Before dismissing the entire yoga mentality and genre, I encourage you to close your eyes and forget everything you may know about the subject. It’s not a bunch of freaky, granola-crunching women with hairy armpits, playing esoteric music. Yoga has evolved into something hot, challenging and rewarding – fun and satisfying with a twist of sexy.
But a 40-Day Yoga Challenge? I had no idea what to expect. I knew it was a challenge and commitment, but I didn’t expect the sense of empowerment upon completion. Like any goal we set for ourselves, we may question and doubt our ability. What if I fail? How am I going to wedge another task into an already crazy schedule?
There were progressive, weekly meetings at my yoga studio, The Yoga Shop, in South Windsor. We discussed awakenings, pitfalls, challenges and accomplishments. A 64-ounce water bottle was given for daily proper hydration. Participants kept a 40-day journal for yoga practice, food intake, sleep, meditation and logging our daily obstacles and how we reacted to them. We also received a yoga DVD for home practice and the book 40 Days To Personal Revolution, written by yoga master Baron Baptiste.
A particular subject that spiked my interest was practicing non-reactivity, a powerful skill of responding to situations rather than reacting to them. When conflict interrupts, we have choices on how to react. We can choose to get angry, hold a grudge, yell or scream.
Or, we can choose to breathe, remain calm and respond differently. I was often surprised with the outcome of practicing non-reactivity. It takes effort and energy to stay angry. Letting go of the the things we can't control is actually a pretty cool concept.
It wasn’t always convenient. Making the commitment meant rescheduling and working around standing responsibilities. Kids had to make their own lunches and sometimes get themselves on the bus. Dinner was often late, asking favors of friends and neighbors was now on the menu. Sweaty yoga clothes packed the laundry basket, prompting late-night wash cycles.
Personal appearance, along with hygiene, took a back seat. No make-up, calloused feet, living in Lululemons, a popular brand of yoga attire, and delayed shower schedules grew tiresome. I often missed freshly styled hair, perfume and jeans with boots.
Carrying around a keg-sized water bottle became a standing joke with friends and family. It often rolled off the front seat of my car, spouting water on the floor while driving along I-91. It wouldn’t fit in my large messenger bag, but surprisingly felt at home in the kiddie seat of a Target carriage. I wasn’t used to the required water intake. Daily responsibilities and activities were planned according to strategic bathroom locations, preferably the ones I knew were clean.

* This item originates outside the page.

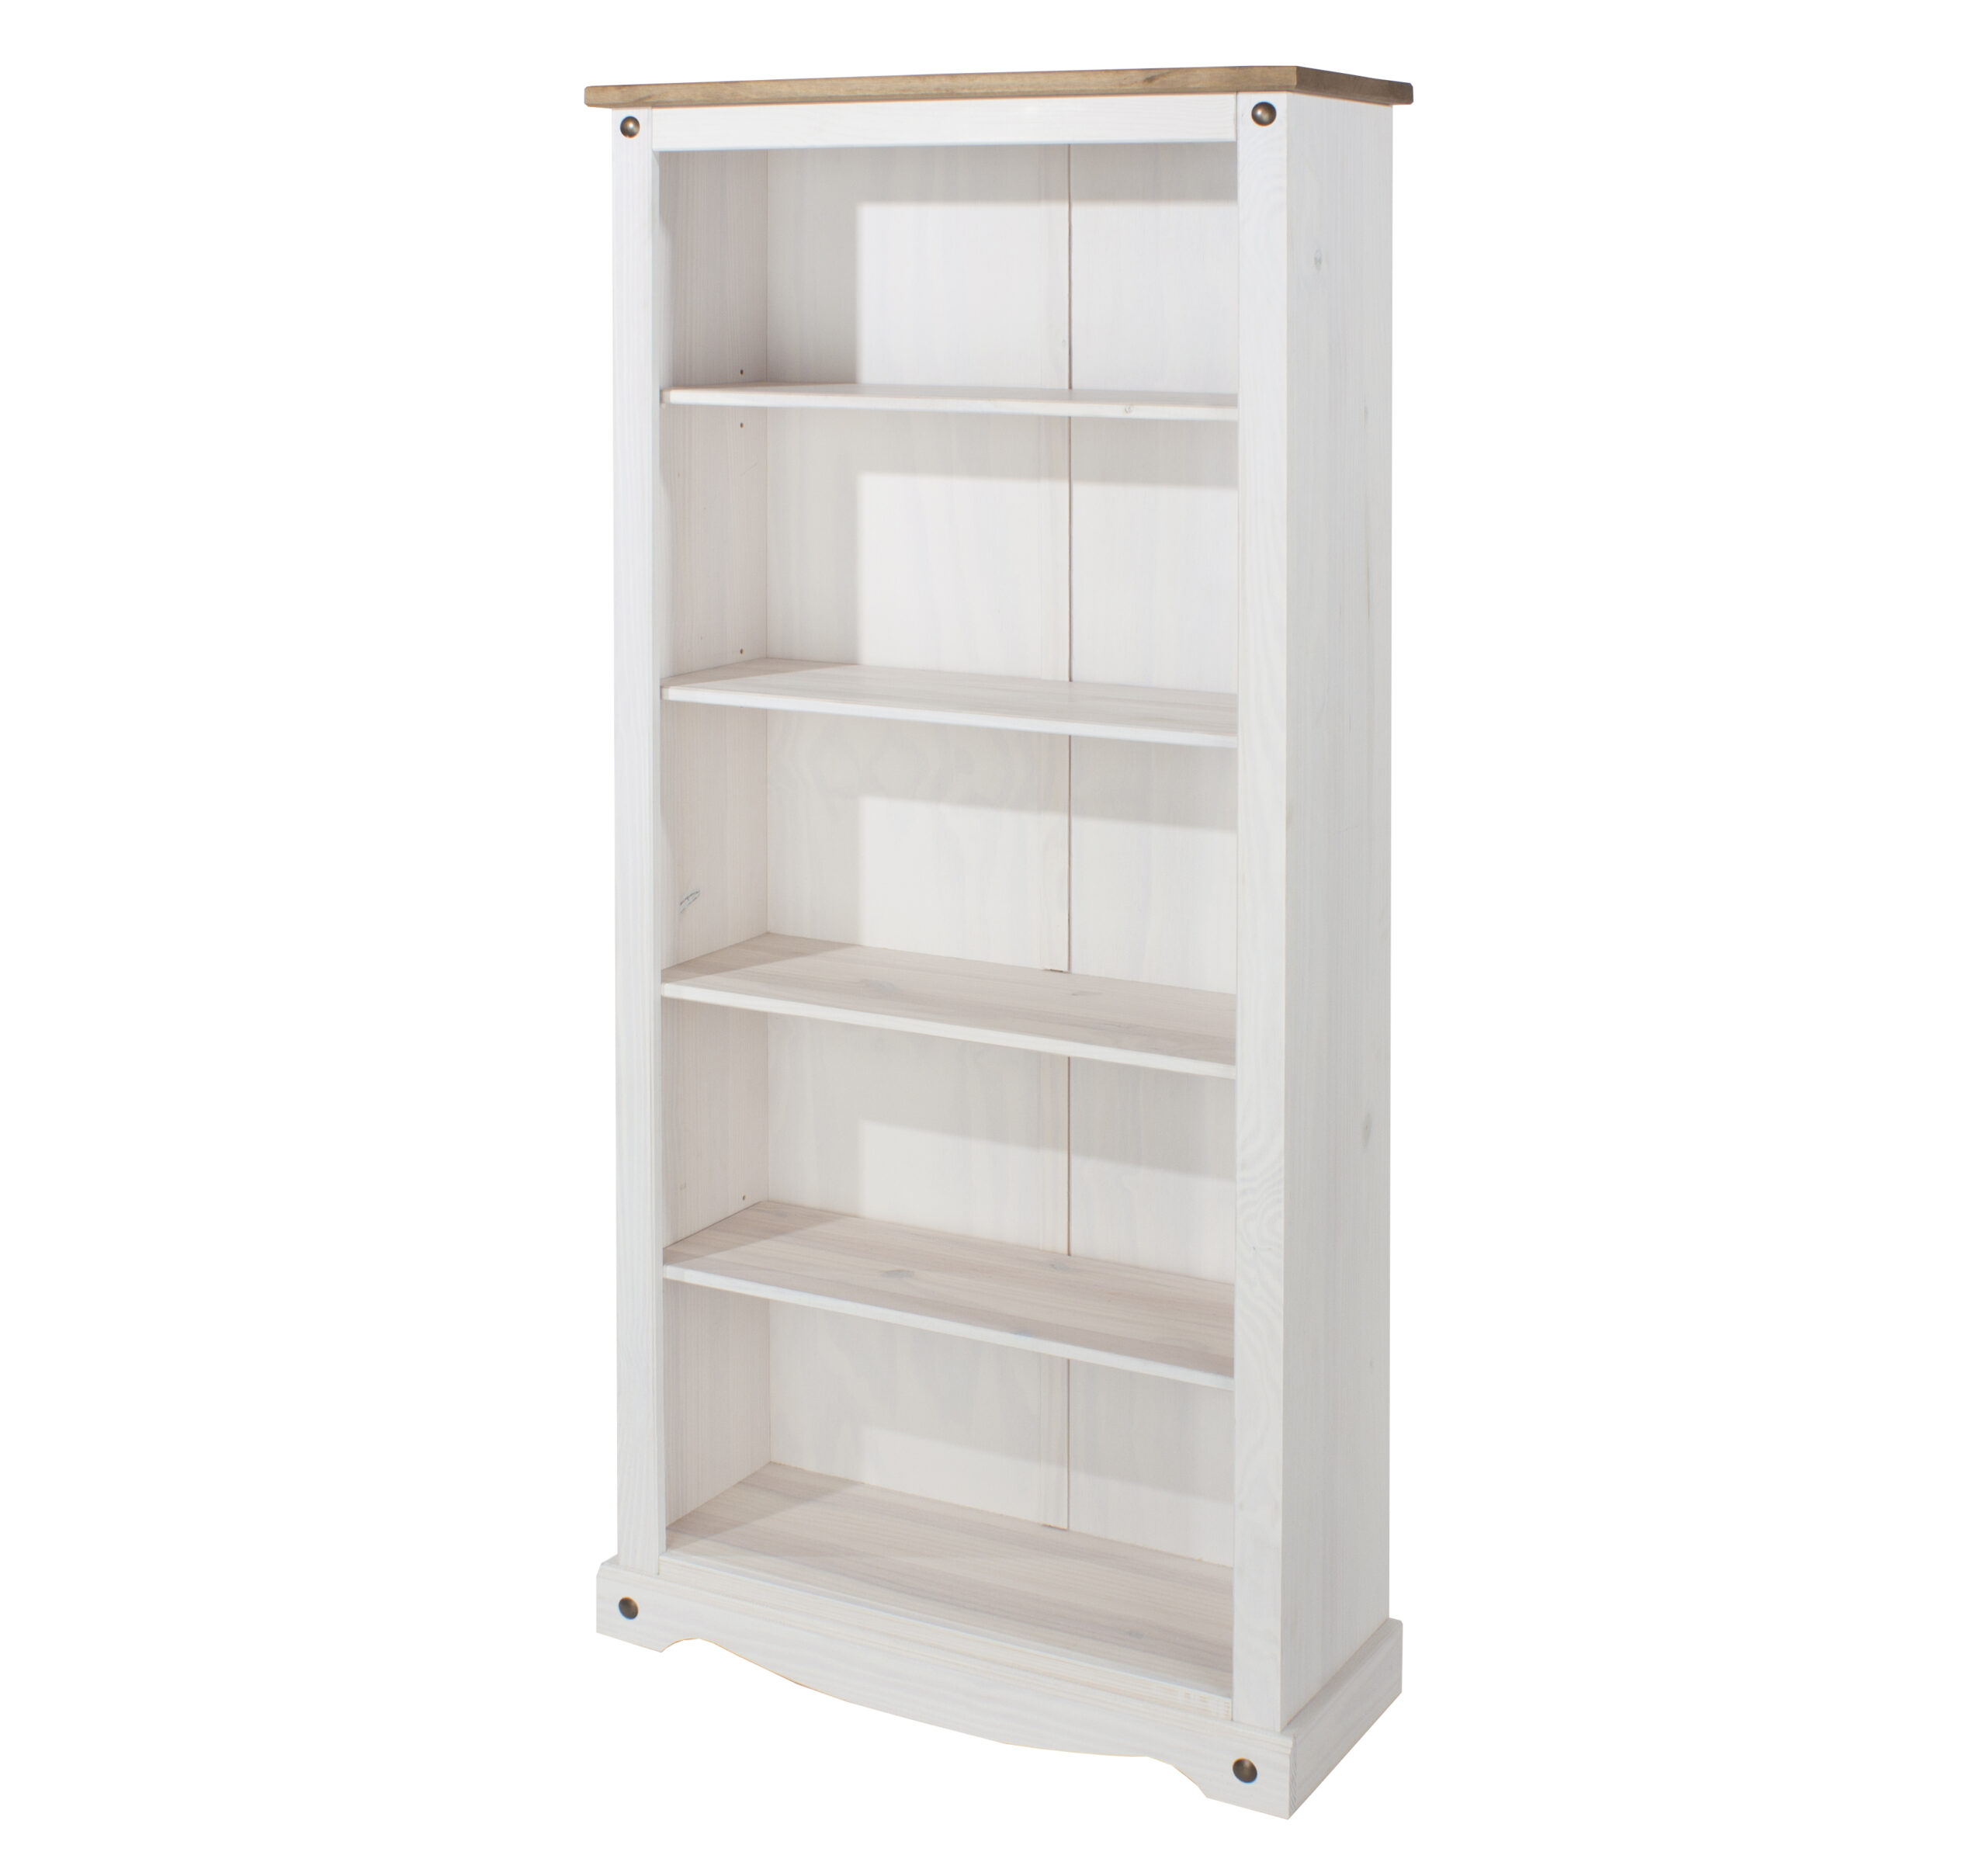 Carala Pine White Tall Bookcase White Painted Adjustable Shelves
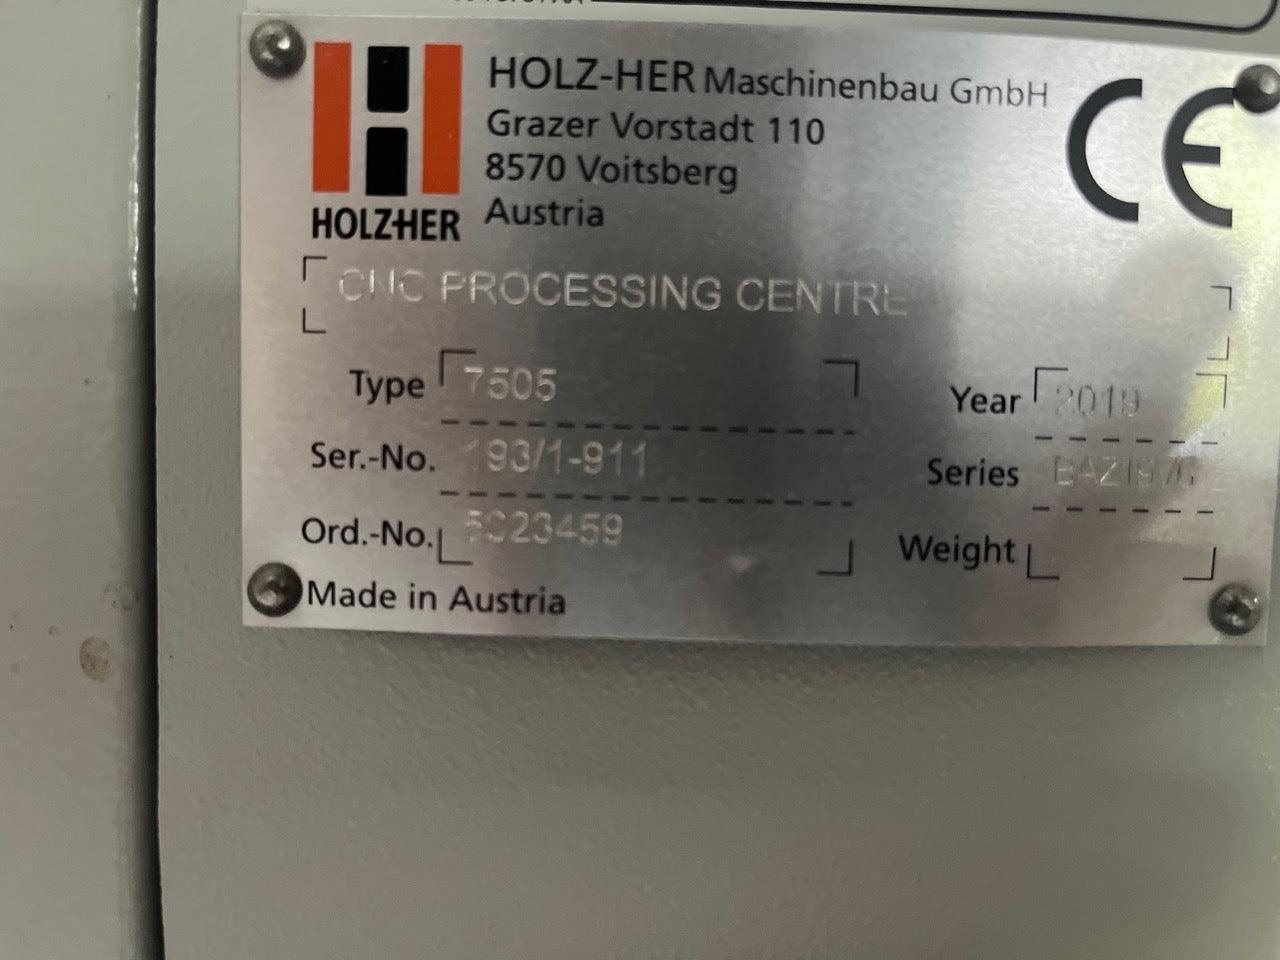 2019 HolzHer Dynestic 7505 12.5 Push CNC Machining Center – Like New Condition – Located in OHIO

Classes at 6 a.m. were often on my agenda, which meant I was up by 5:15 a.m. and leaving the house at 5:30 a.m. Getting into a cold car while driving through a dark abyss can be lonesome. My coffee cup and talk radio were my only companions. Even though practicing at home was an option, my self-discipline is easily swayed. Exploding laundry baskets, work, phone and piles of paperwork tend to look appealing when a commitment lingers. No one is directing, watching and correcting. It’s a free pass to slack but I’d rather not.
Practicing in the studio became routine, even addicting. With each day, you find more strength, more confidence and more room. In a positive reinforcement tactice reminiscent of potty training, happy-face stickers were placed on a chart after each class. Regardless of age, visual positive reinforcement works!
There’s something to say about using your core while holding a bind. Like the studio, the music was hot, building hype and energy. Gracefully you move from one pose to the next, discovering strength. Bending your back, reaching to the sky, listening to your breath while finding more room and length in your practice.
Your body transforms from stiff and weak to flexible and strong. The recessed lighting is blinding in certain poses while salty beads of sweat drip into your eyes, causing a stinging sensation. Like twisting a saturated washcloth, yoga wrings out the unnecessary distractions in our lives. It itemizes your priorities, while focusing on what’s truly important.
I found myself taking risks and pushing for more difficulty. This was becoming true both on and off the yoga mat. Attitudes and inner voice of doubt transformed from, “I can’t do that” to, “Why the hell not?” and, “Yes, I can.”
I was never alone, always guided by professionals and fellow yogis with open hearts and encouraging spirits. As the 40 days progressed, I was surrounded by transforming, strong, positive and energetic individuals.
The only thing keeping you focused is your breath. There’s no judgement. Start small. Make yourself a priority and commit to yourself. No matter your goal, whether it's professional or physical, take a risk, push and trust yourself. Expect to sway and tumble, fall and get back up, but gradually you'll perform a backbend as familiar as the grassy backyards of your youth.